# WHAT YOU SHOULD DO
Among the lines below, a stretch begins at the one with "круглые журнальные столики Круглые" and ends at the one with "kauffman-stairs-2". Repeat that stretch exactly, ends included.

# SUPPLIED INFORMATION
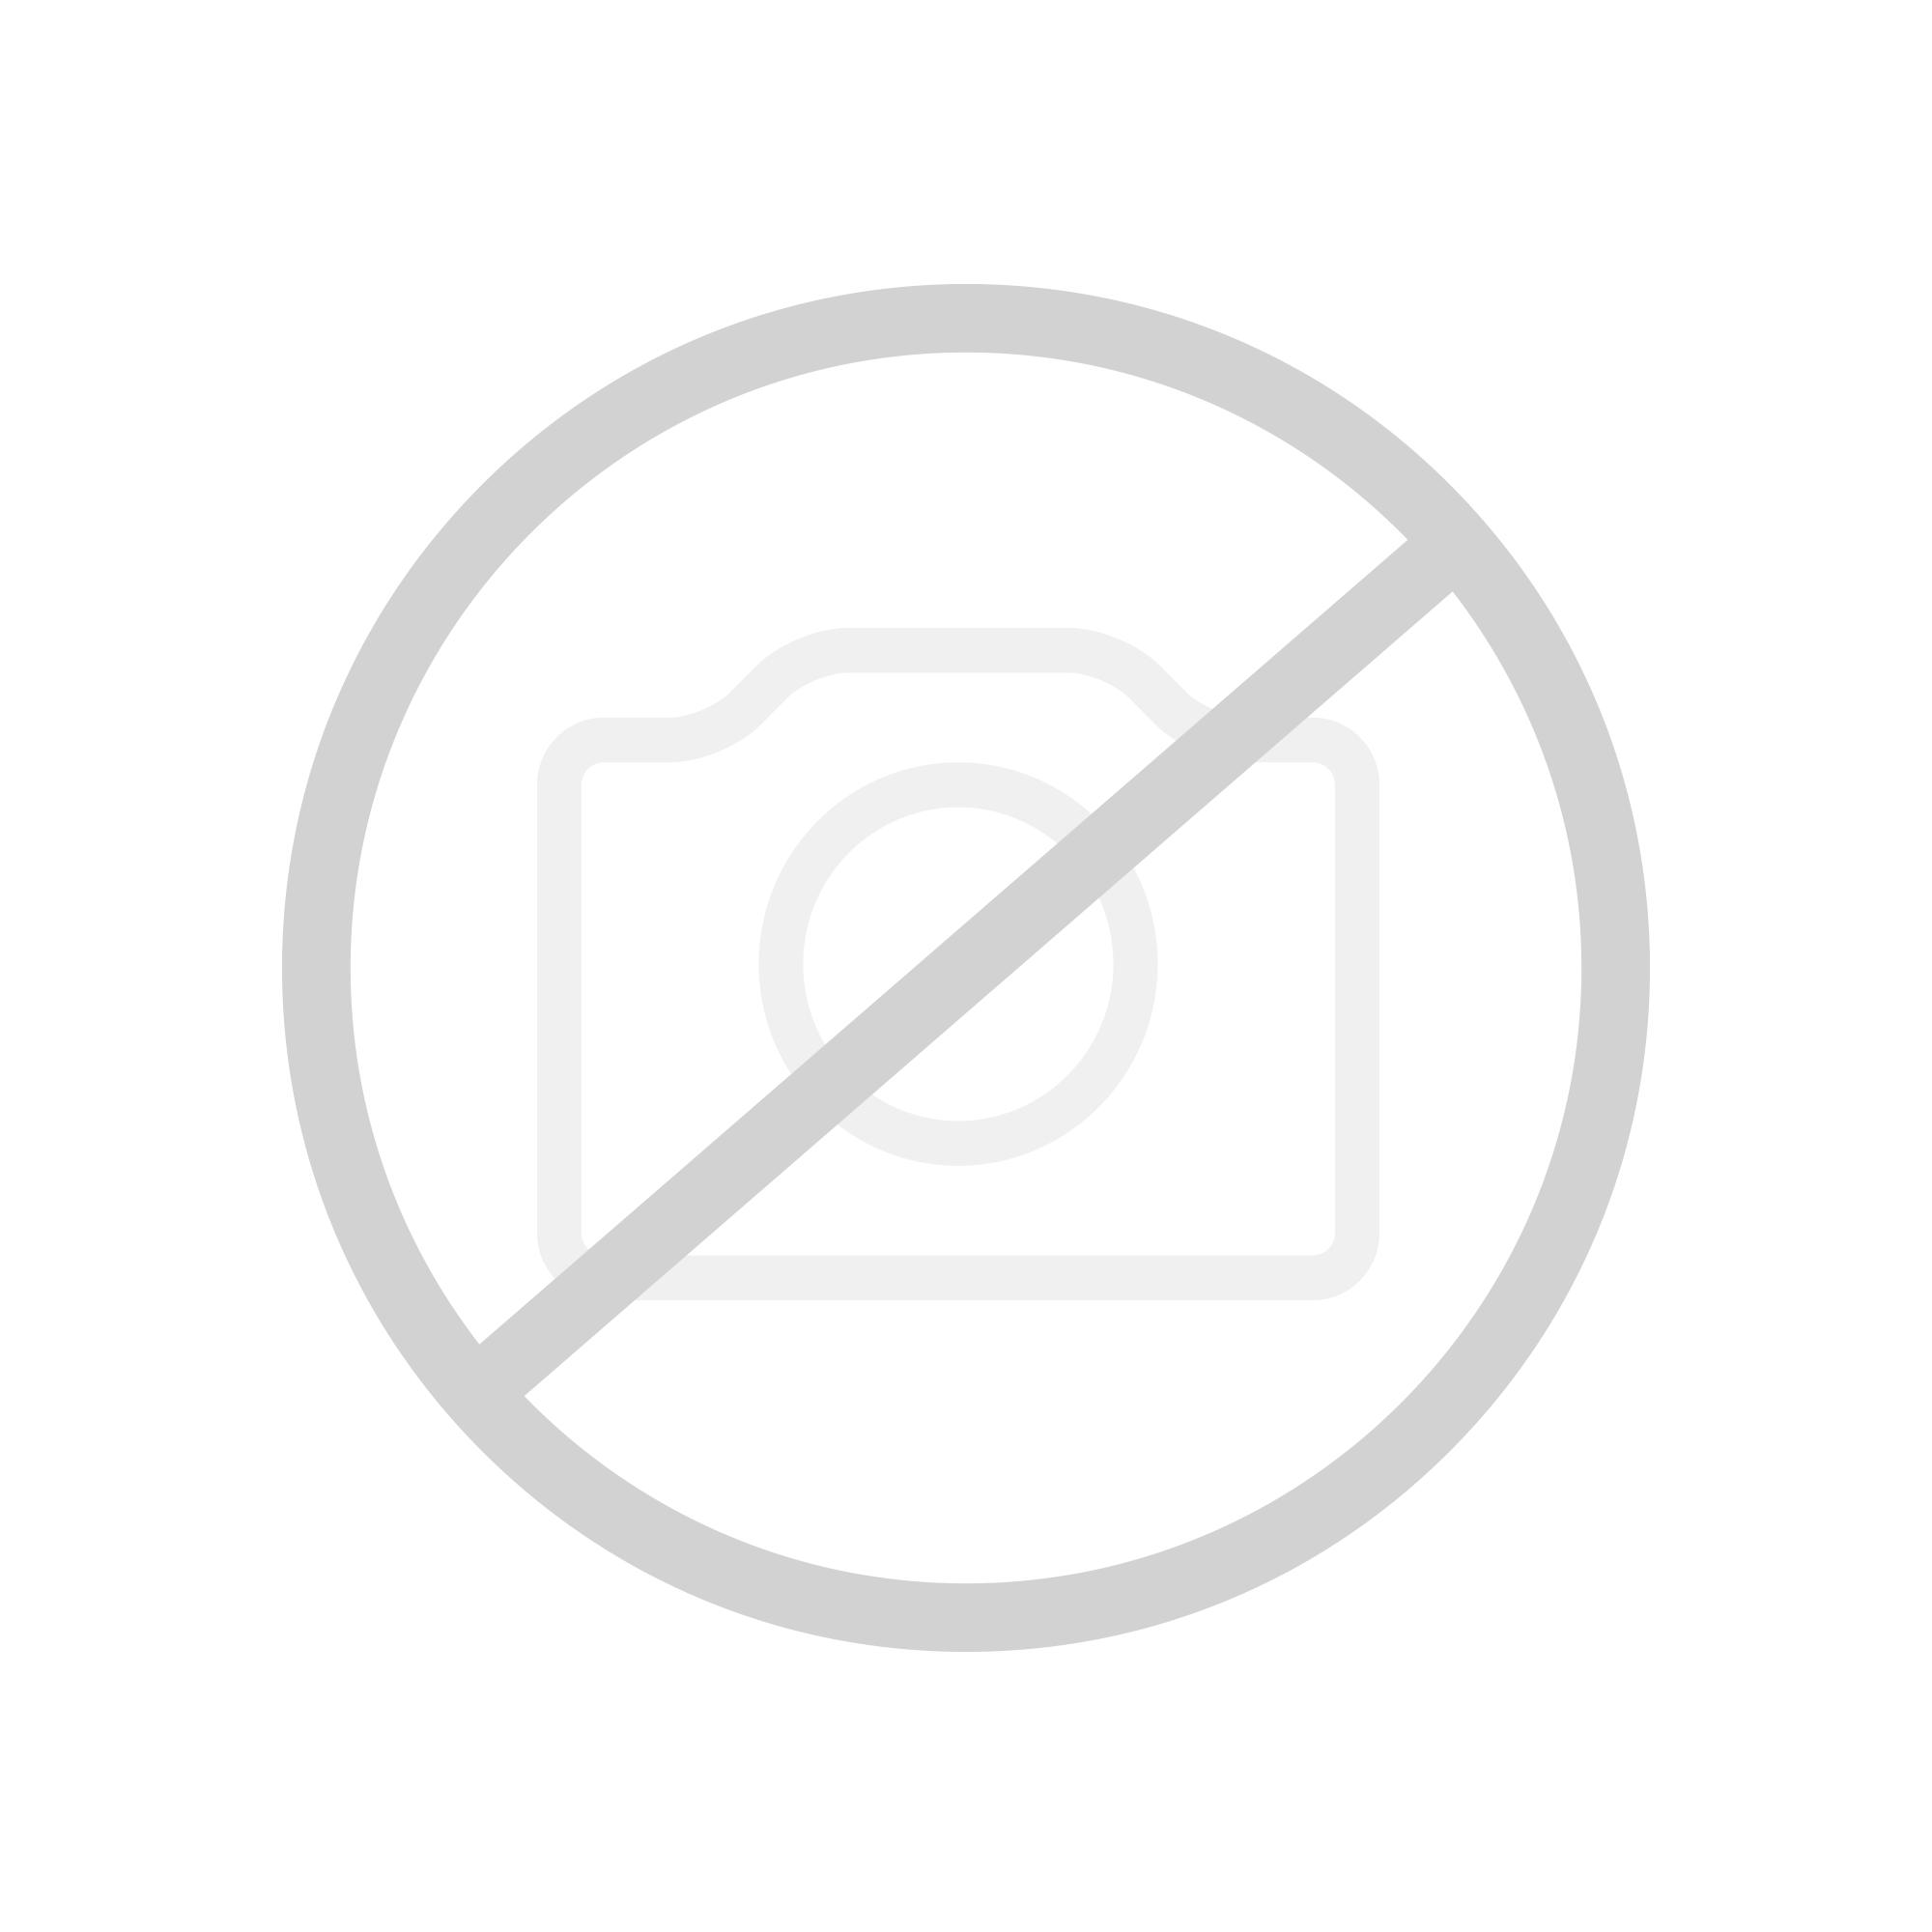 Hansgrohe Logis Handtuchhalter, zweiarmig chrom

==

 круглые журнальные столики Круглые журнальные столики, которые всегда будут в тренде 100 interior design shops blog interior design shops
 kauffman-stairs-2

* * *

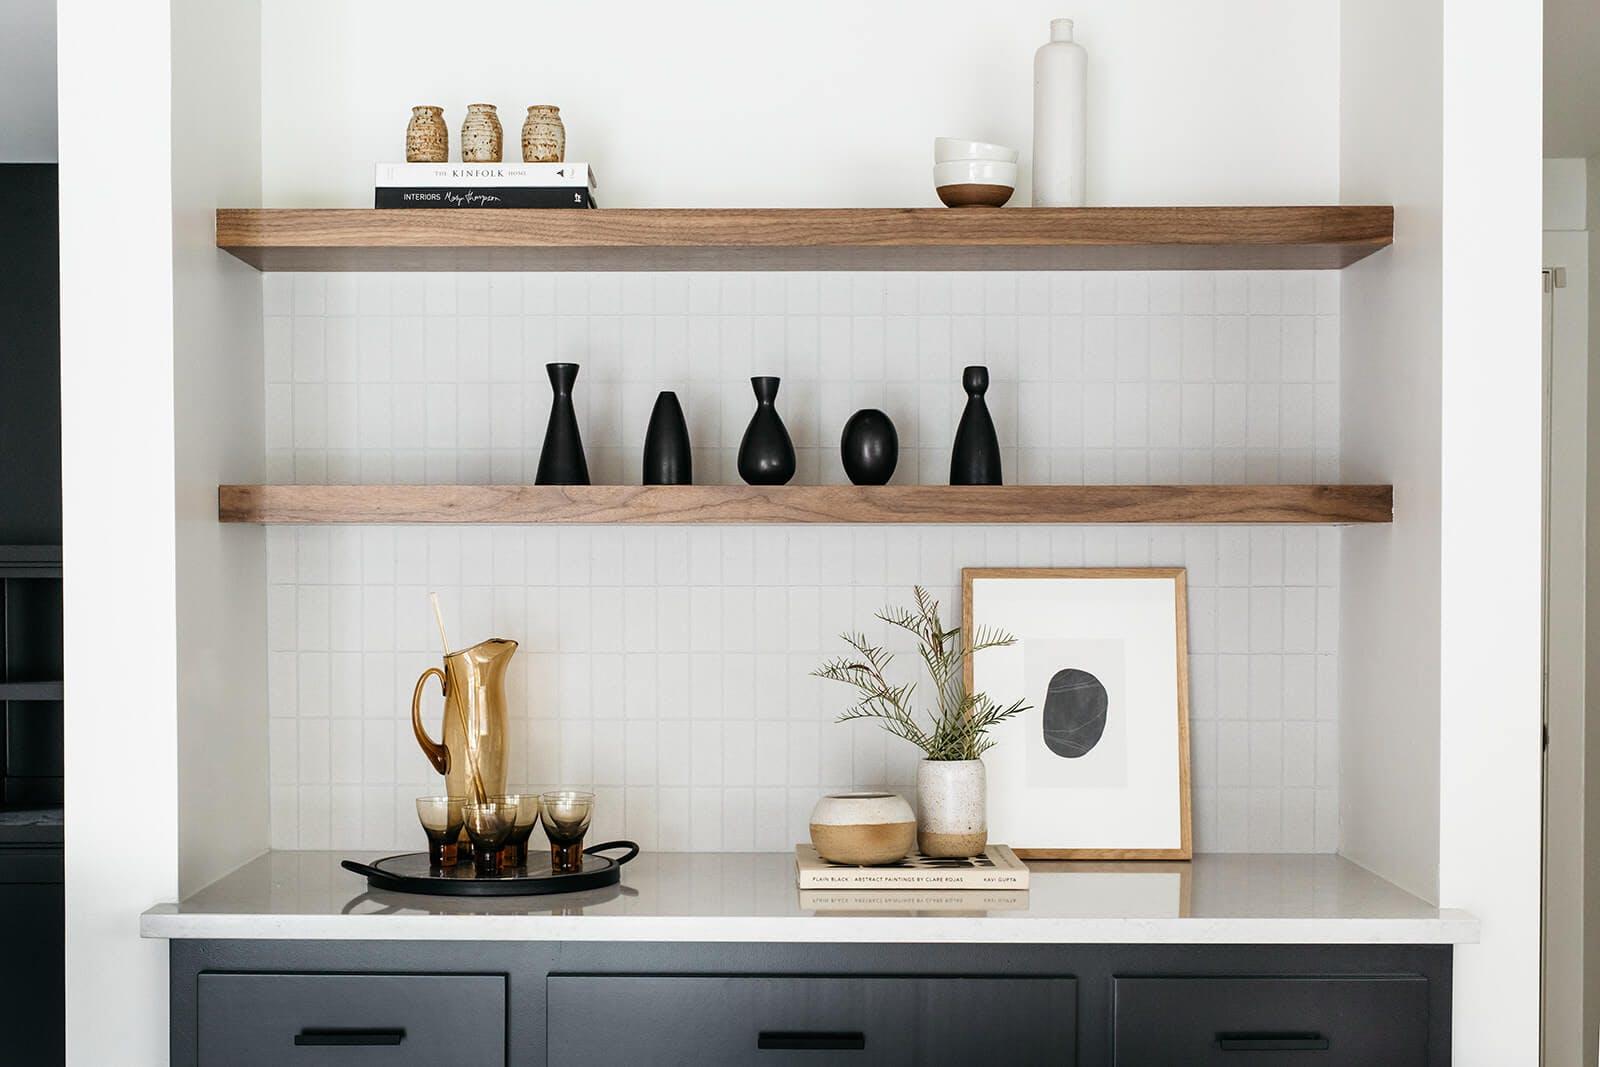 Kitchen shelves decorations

# PROBLEM SOLUTION
 круглые журнальные столики Круглые журнальные столики, которые всегда будут в тренде 100 interior design shops blog interior design shops
 kauffman-stairs-2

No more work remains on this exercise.